Problem to work on: Word for word, copy the lines beginning at the one with "Pachi Pachi On" and ending at the last line below; pictures stay out.

Stored data:
^^^^

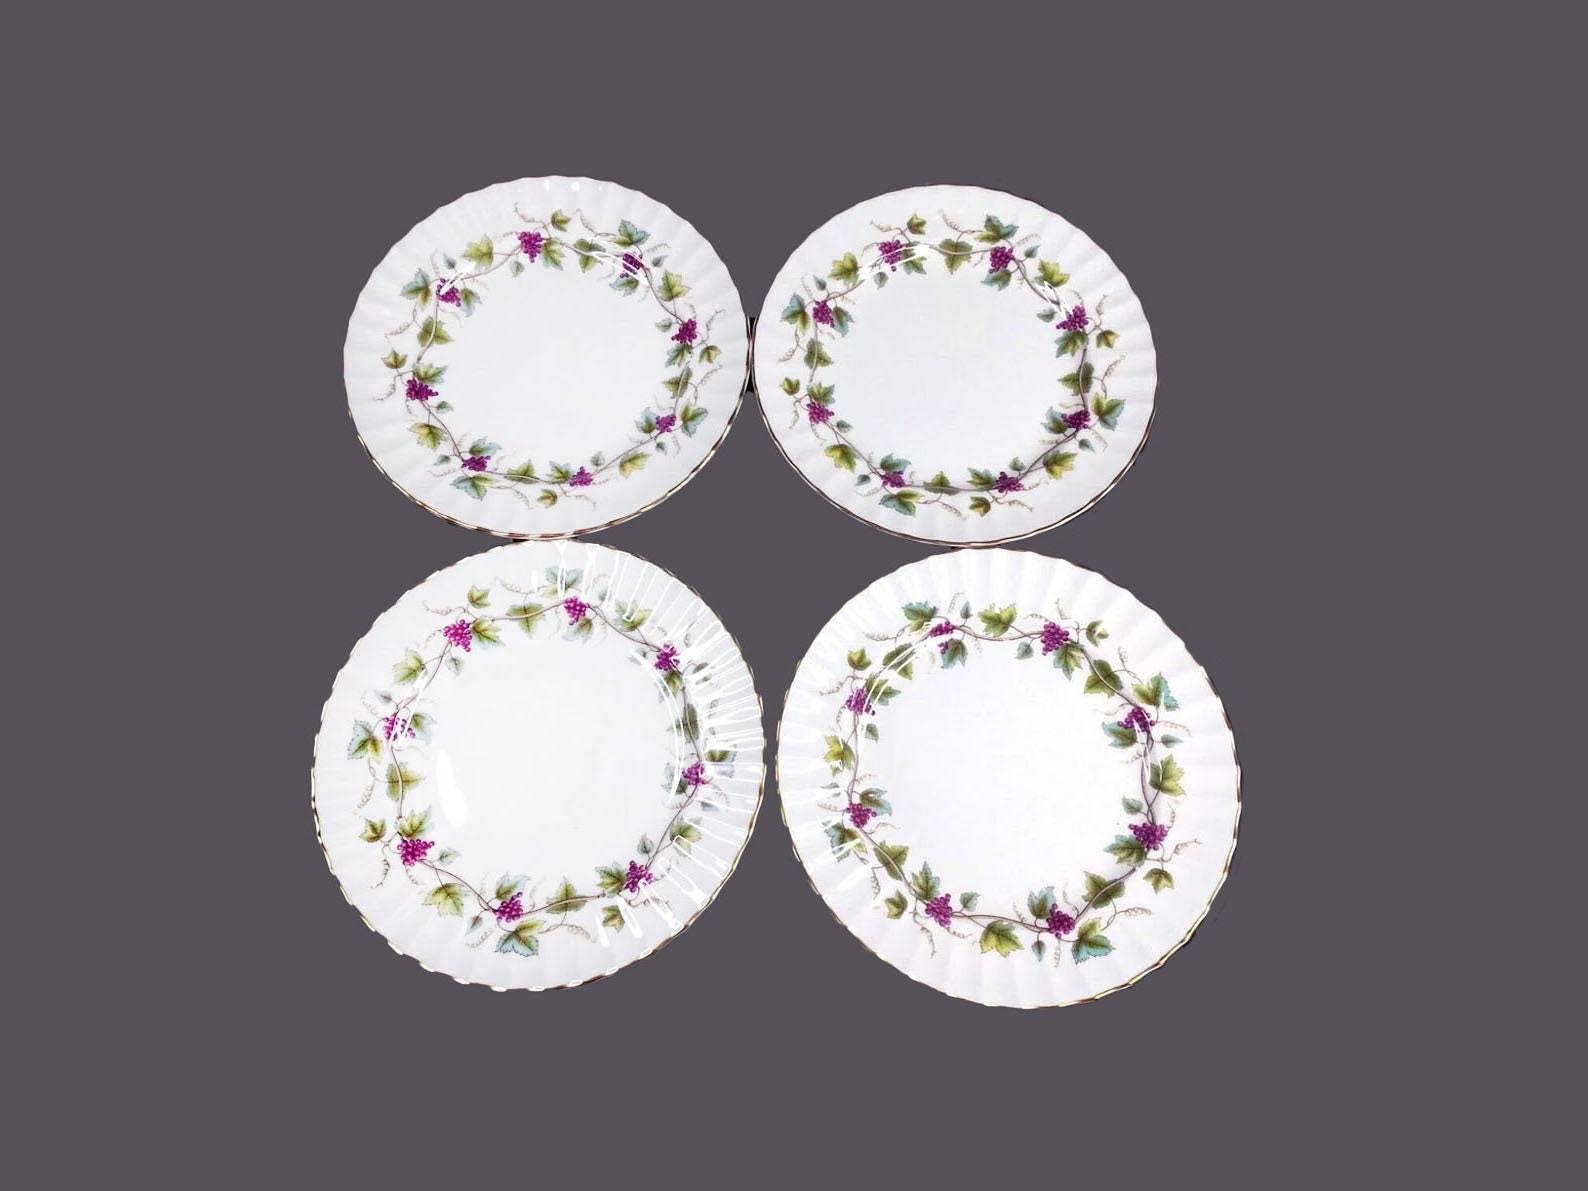 Royal Worcester Bacchanal White salad plates. Bone china made in England. - £42.80 GBP - £56.52 GBP
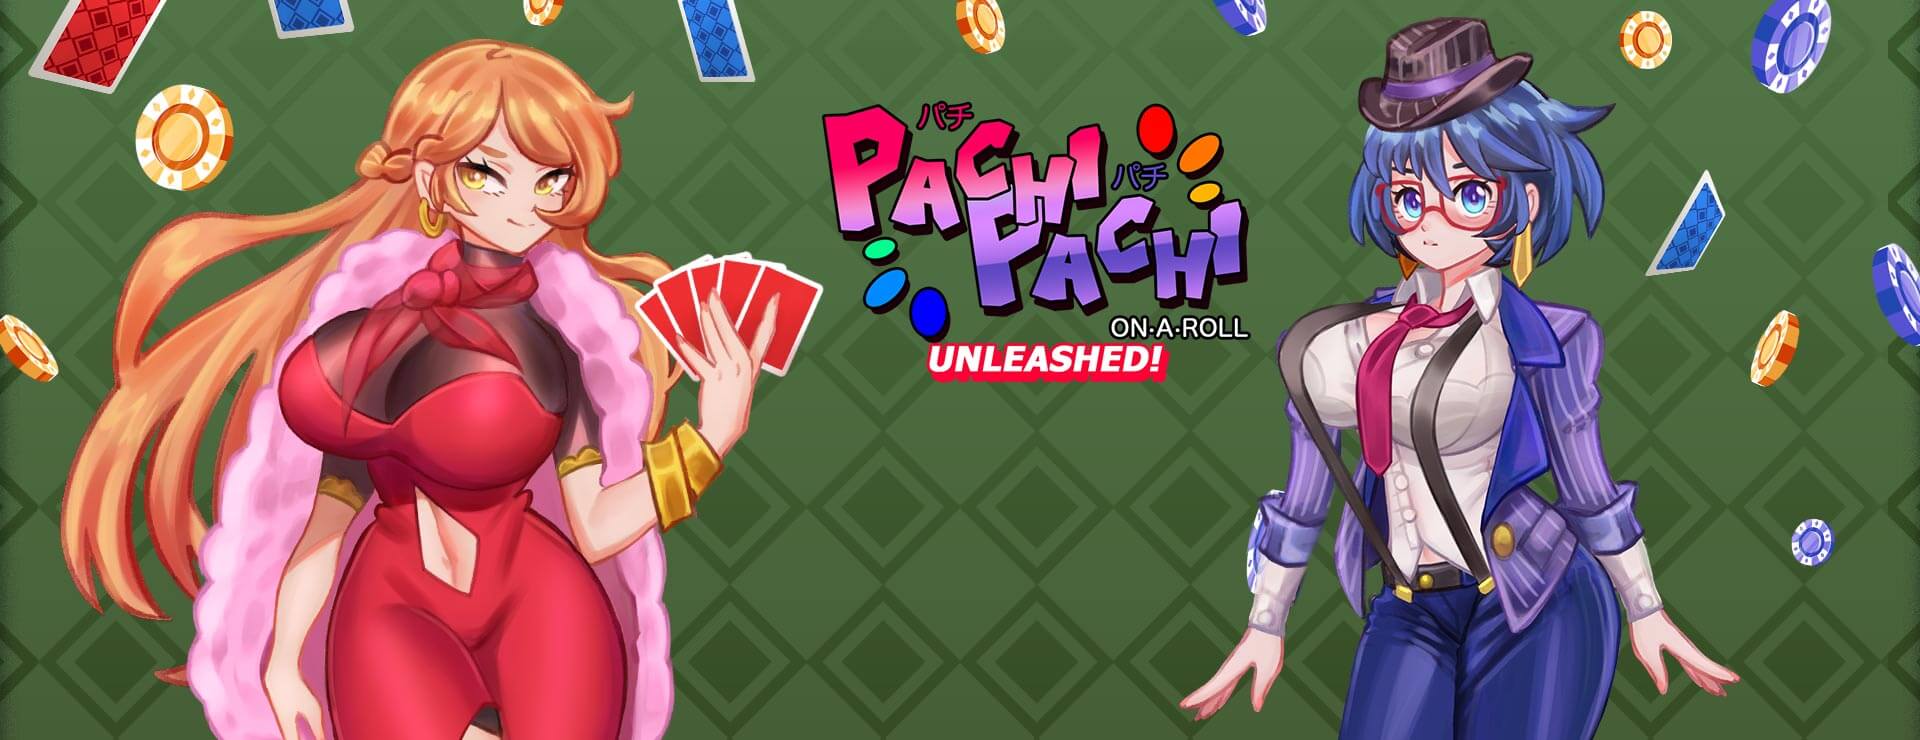 Pachi Pachi On A Roll Unleashed - Casual Juego
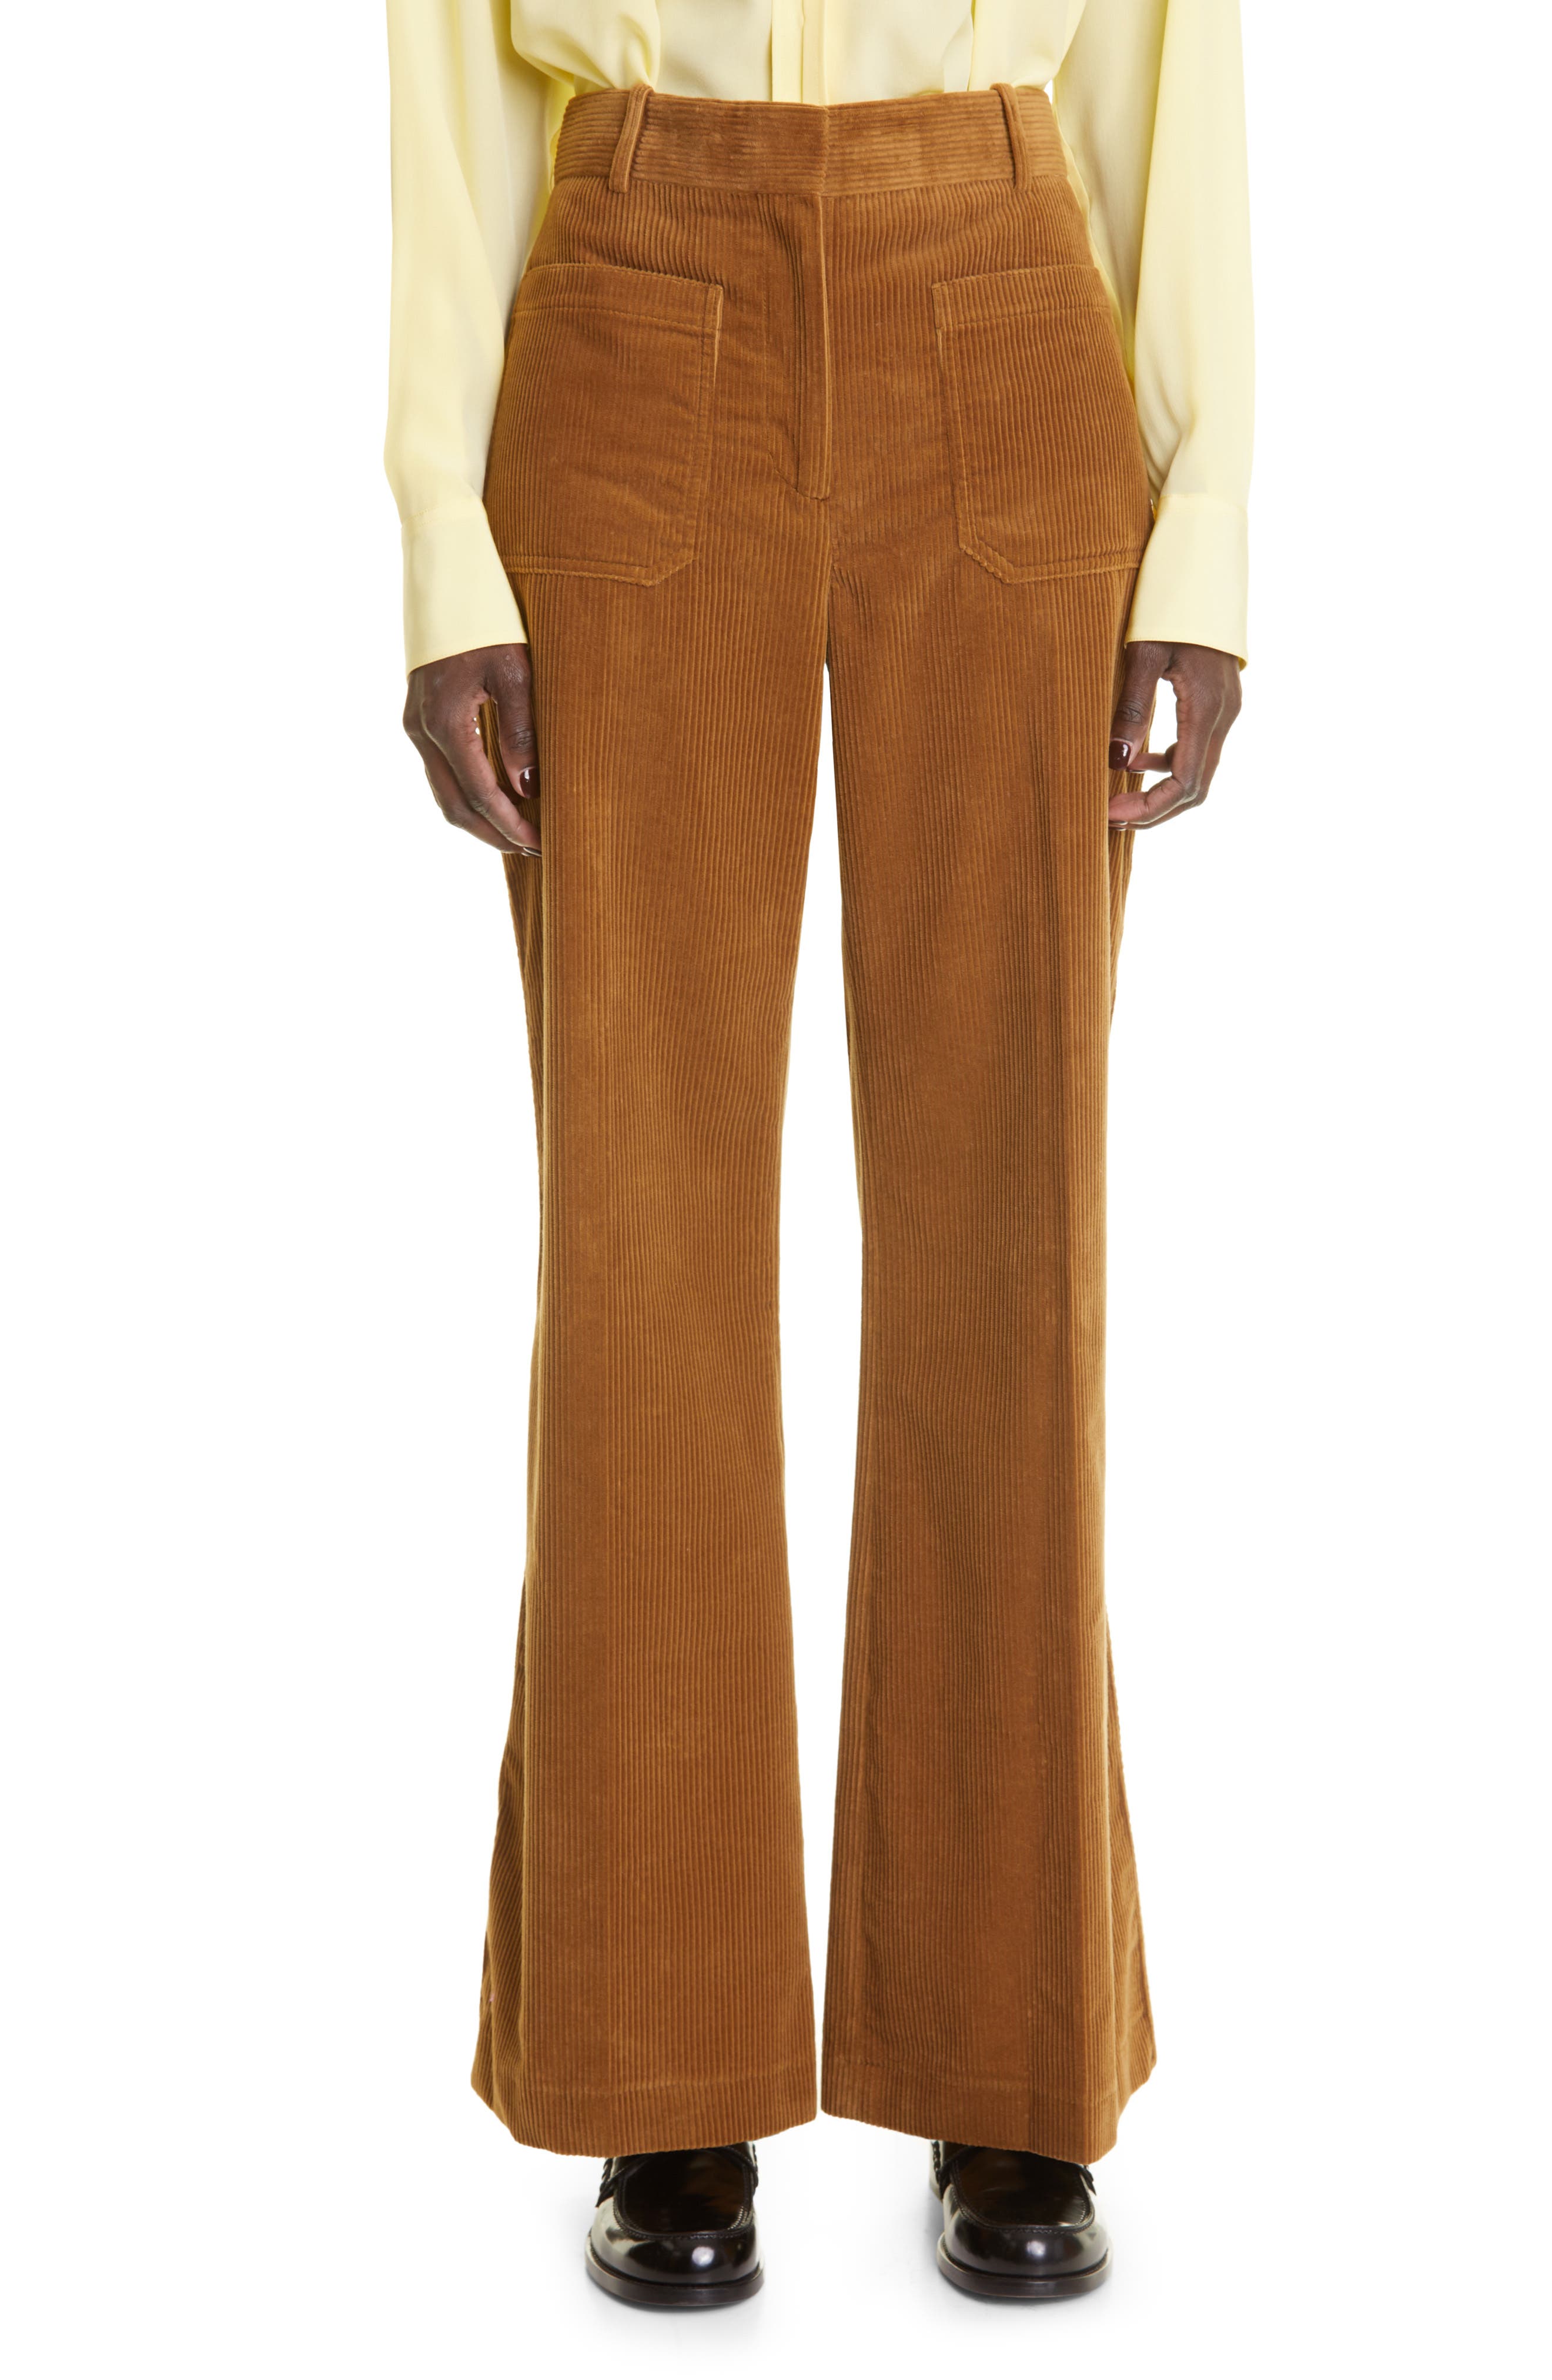 Victoria Beckham Alina Patch Pocket Cotton Corduroy Trousers in Camel

^^^^

Answer area:
 Pachi Pachi On A Roll Unleashed - Casual Juego
 Victoria Beckham Alina Patch Pocket Cotton Corduroy Trousers in Camel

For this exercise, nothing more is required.